Paddy took off at pace with us arriving first at the climbers club
hut at Froggatt - the R. O. Downes memorial hut. The hut was empty,
and unfortunately Eoin had the key... an hour later the others arrive.
Quickly to sleep, climbing to be done in the morn...
The Froggatt gritsone edge is only a short walk up the hill from
the climbers club hut, which is where we headed after much faffing
in the morning. It was a clear day, if slightly damp underfoot,
and on finding the crag the rock looked in ample condition for climbing...

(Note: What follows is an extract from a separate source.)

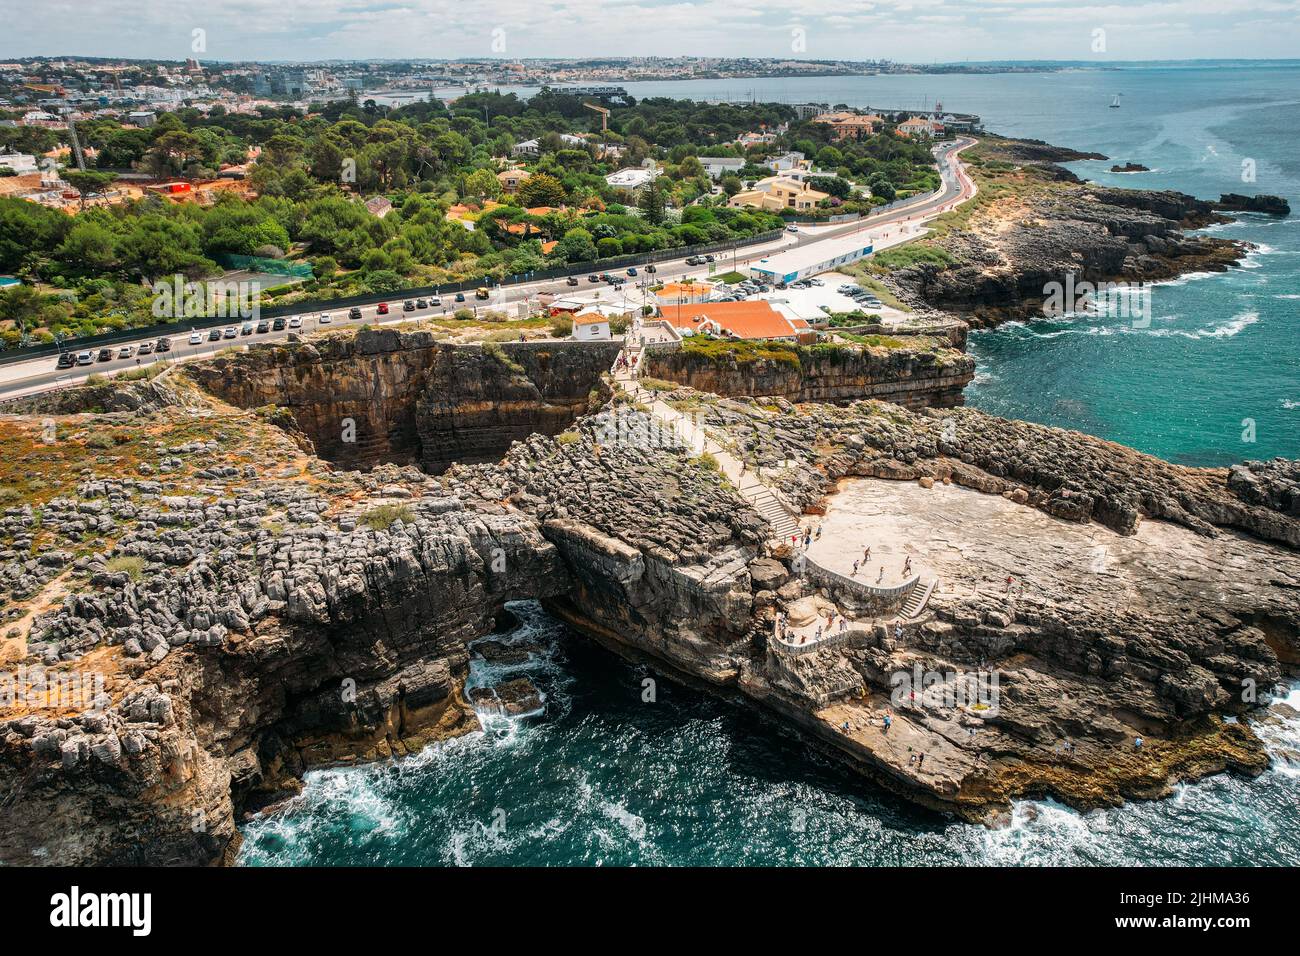 Boca do Inferno which is Portuguese for Hell's mouth in Cascais, Portugal Stock Photo

rack up, flake rope and... rain !!! Shite. Fortunately we were near
a convenient cave for shelter, where we were soon joined by some
English climbers up from London for the weekend.

The rain soon stopped and we emerged form our cave to examine the
scene. Much muttering about sun and wind and drying. Nothing to
be done but climb then. Eoin "man-of-action" Lawless first into
the fray with a VS, "Holly Grove", which thankfully lacked holly.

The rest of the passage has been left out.